### Your assignment
Repeat the listing word for word. No pictures belong in the copy.

### Raw data
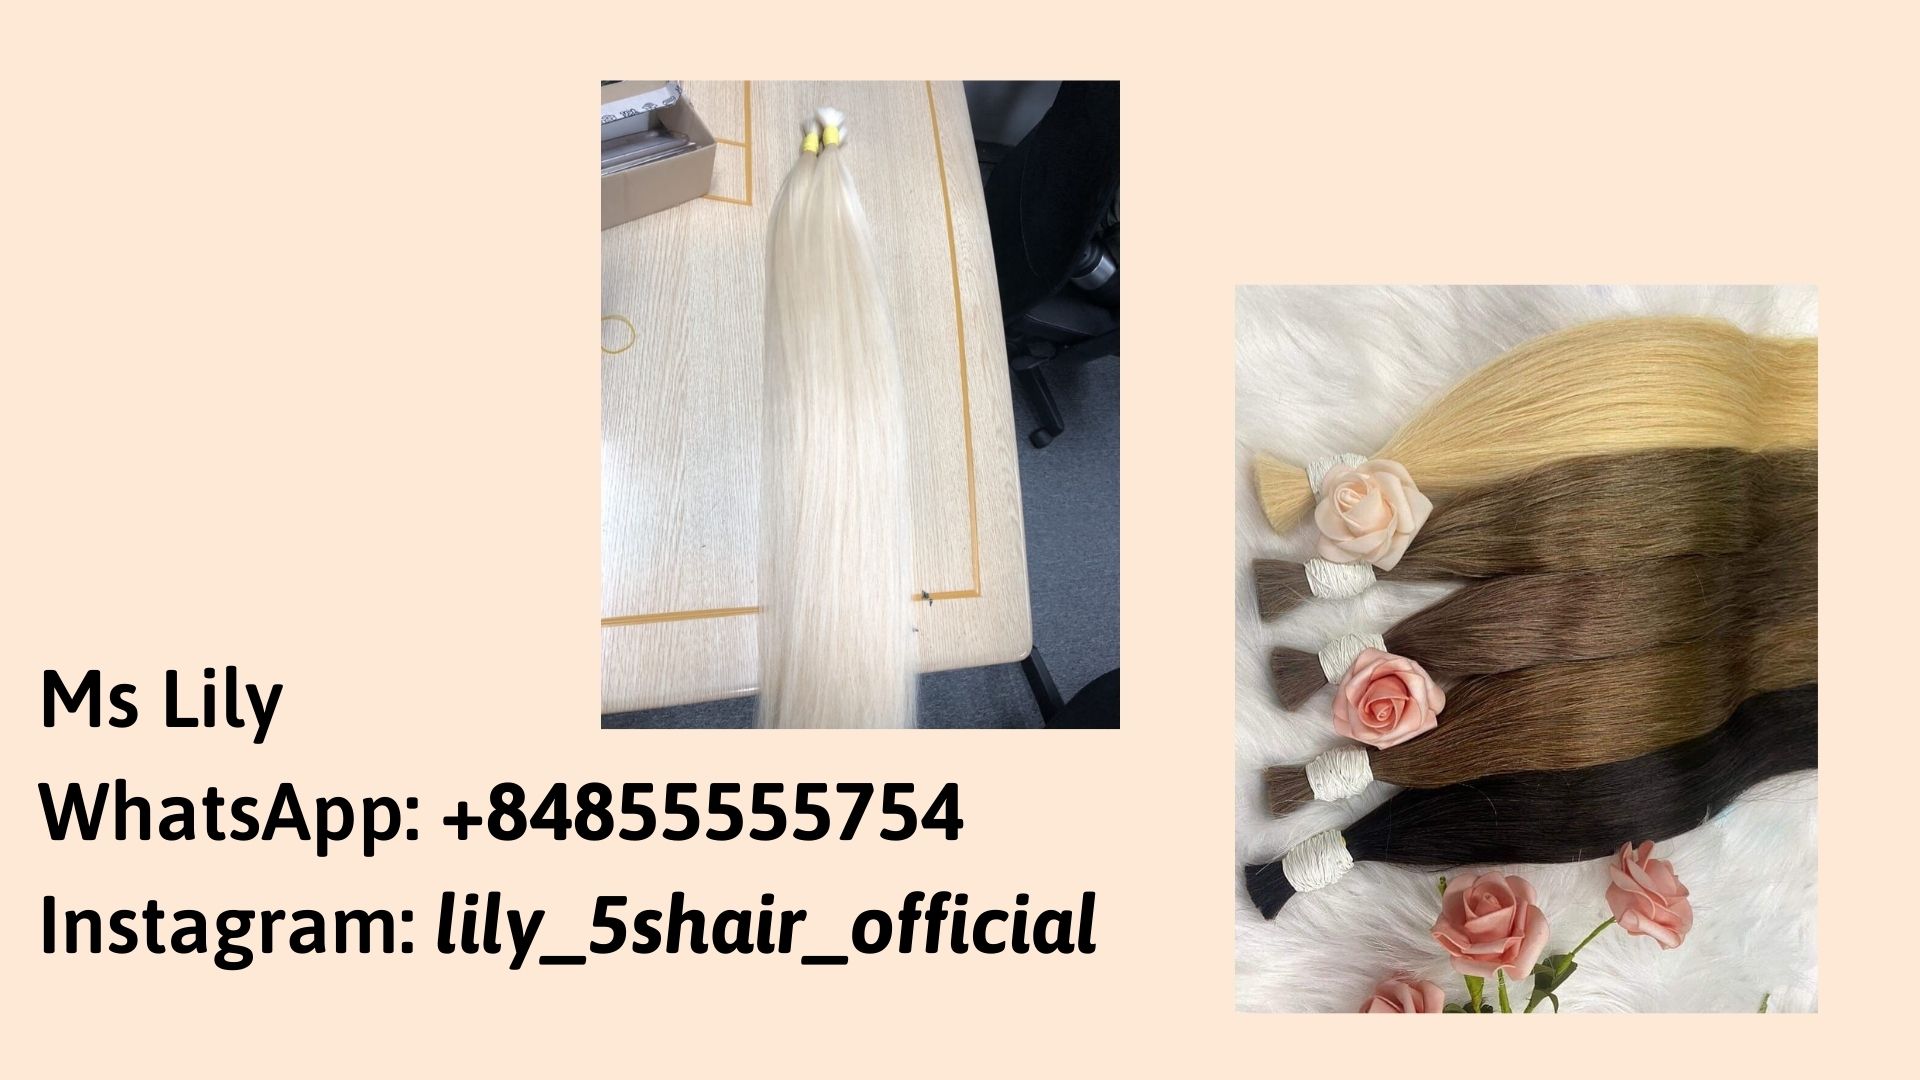 raw-vietnamese-hair-market-the-high-end-hair-supply-for-hair-extension-products-in-the-world-1
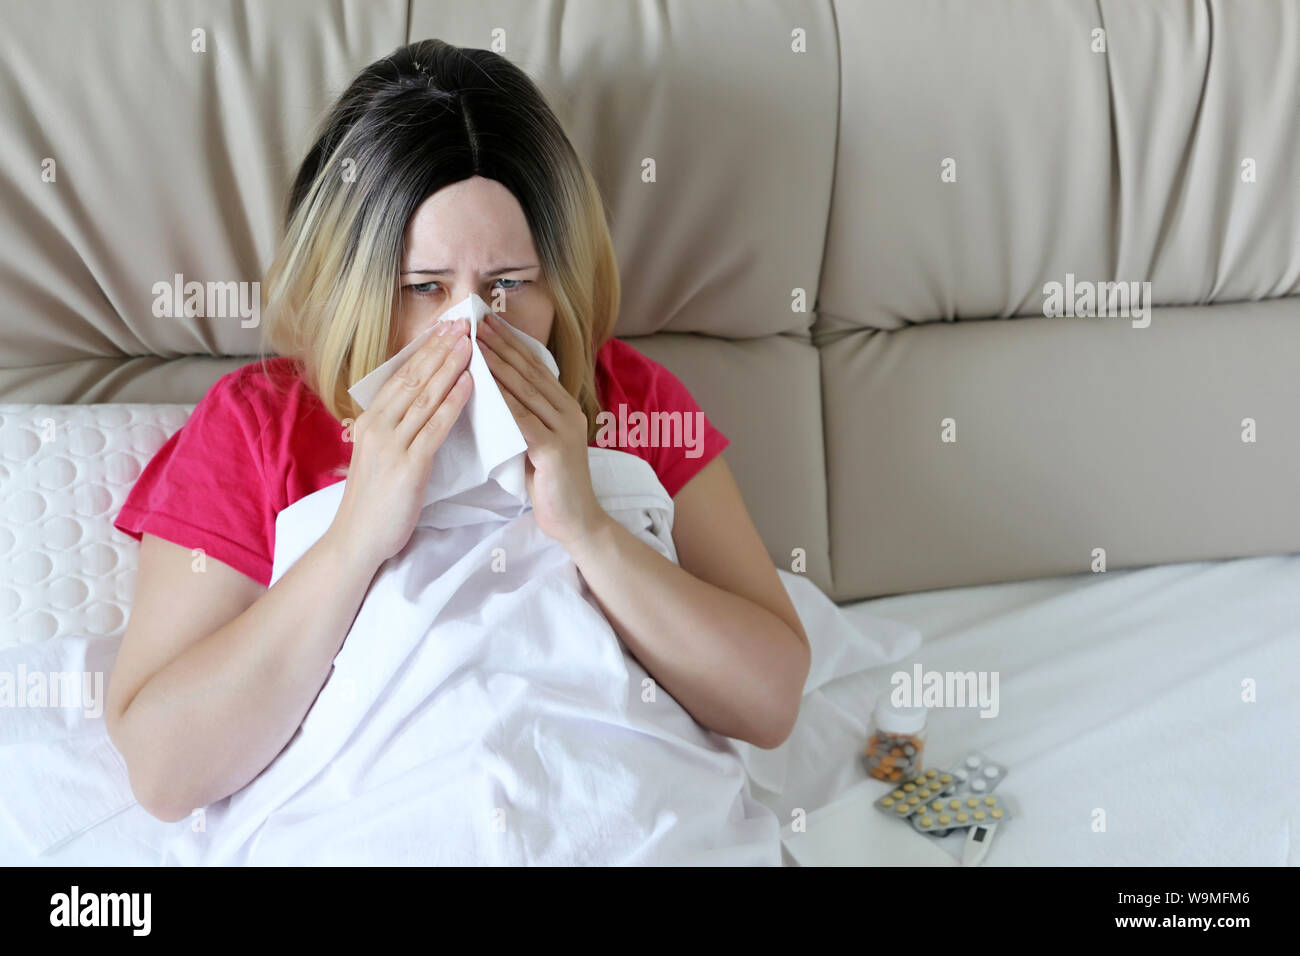 Blonde woman blowing her nose in a handkerchief sitting in a bed. Unhappy girl suffering from runny nose, concept of sick at home, flu, fever Stock Photo
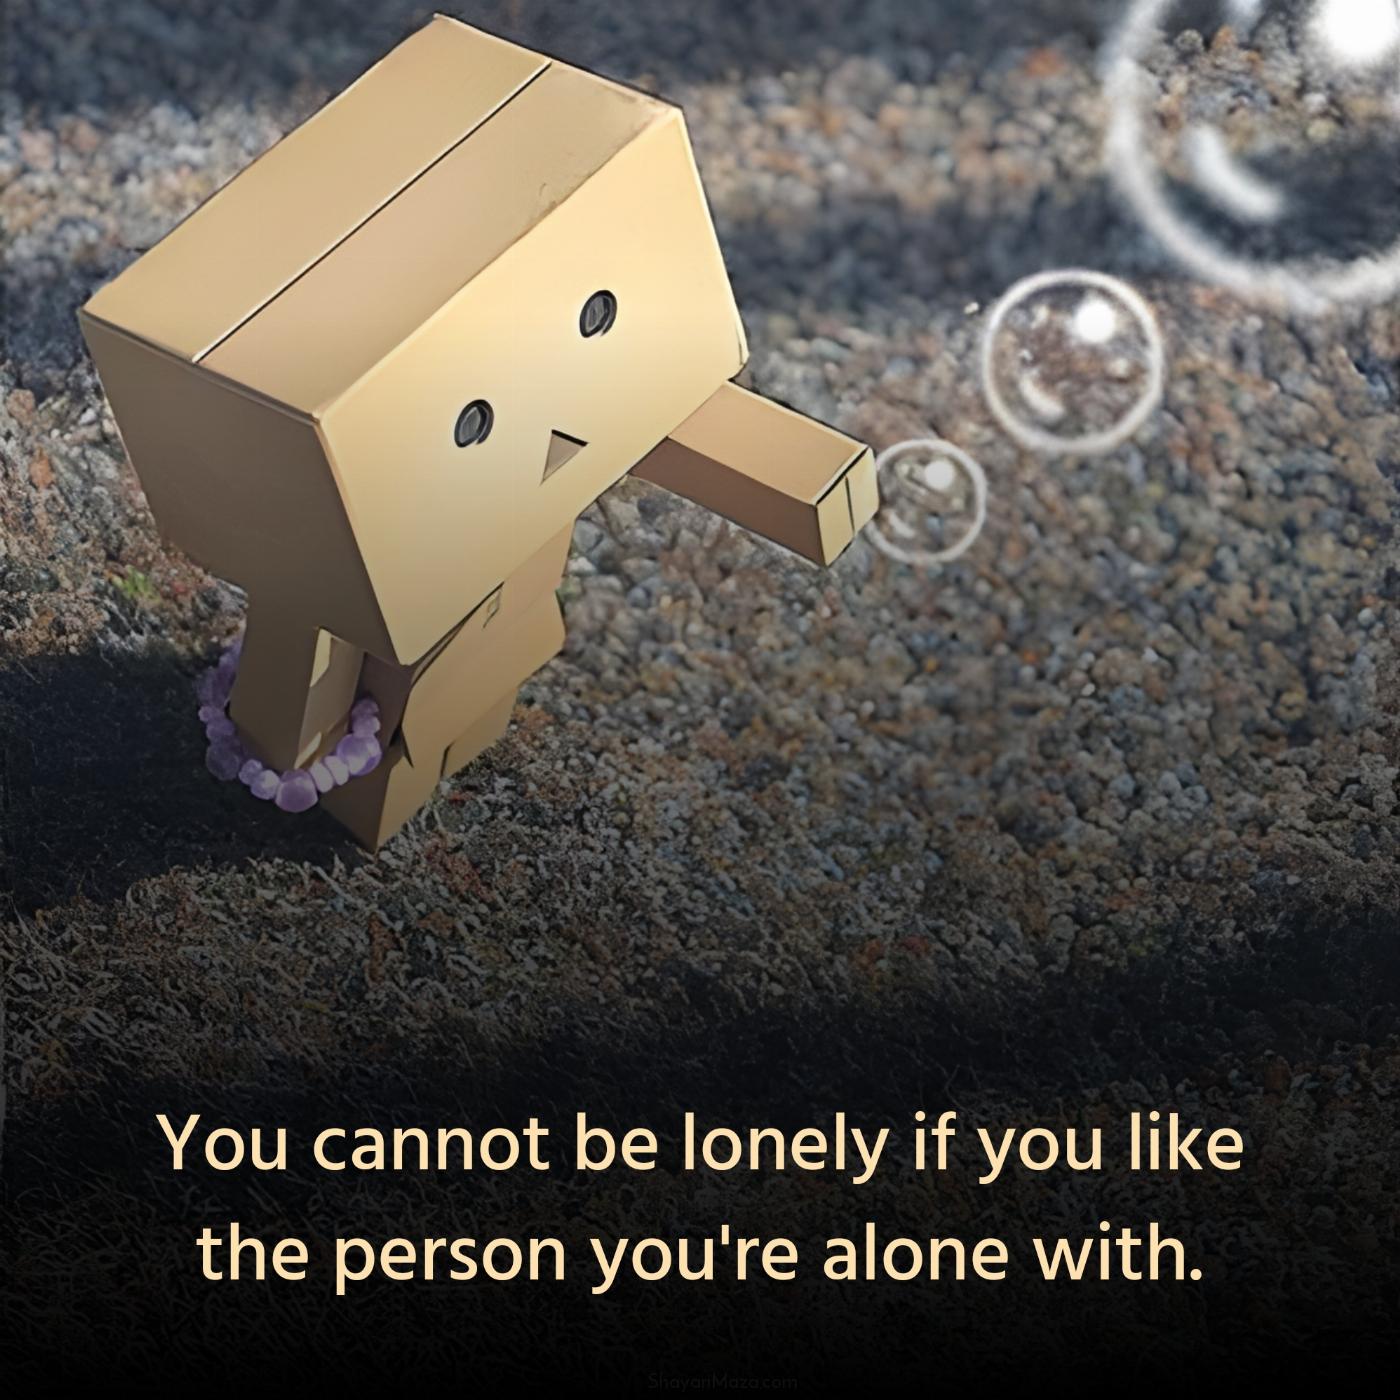 You cannot be lonely if you like the person you're alone with

### Exercise result
 raw-vietnamese-hair-market-the-high-end-hair-supply-for-hair-extension-products-in-the-world-1
 Blonde woman blowing her nose in a handkerchief sitting in a bed. Unhappy girl suffering from runny nose, concept of sick at home, flu, fever Stock Photo
 You cannot be lonely if you like the person you're alone with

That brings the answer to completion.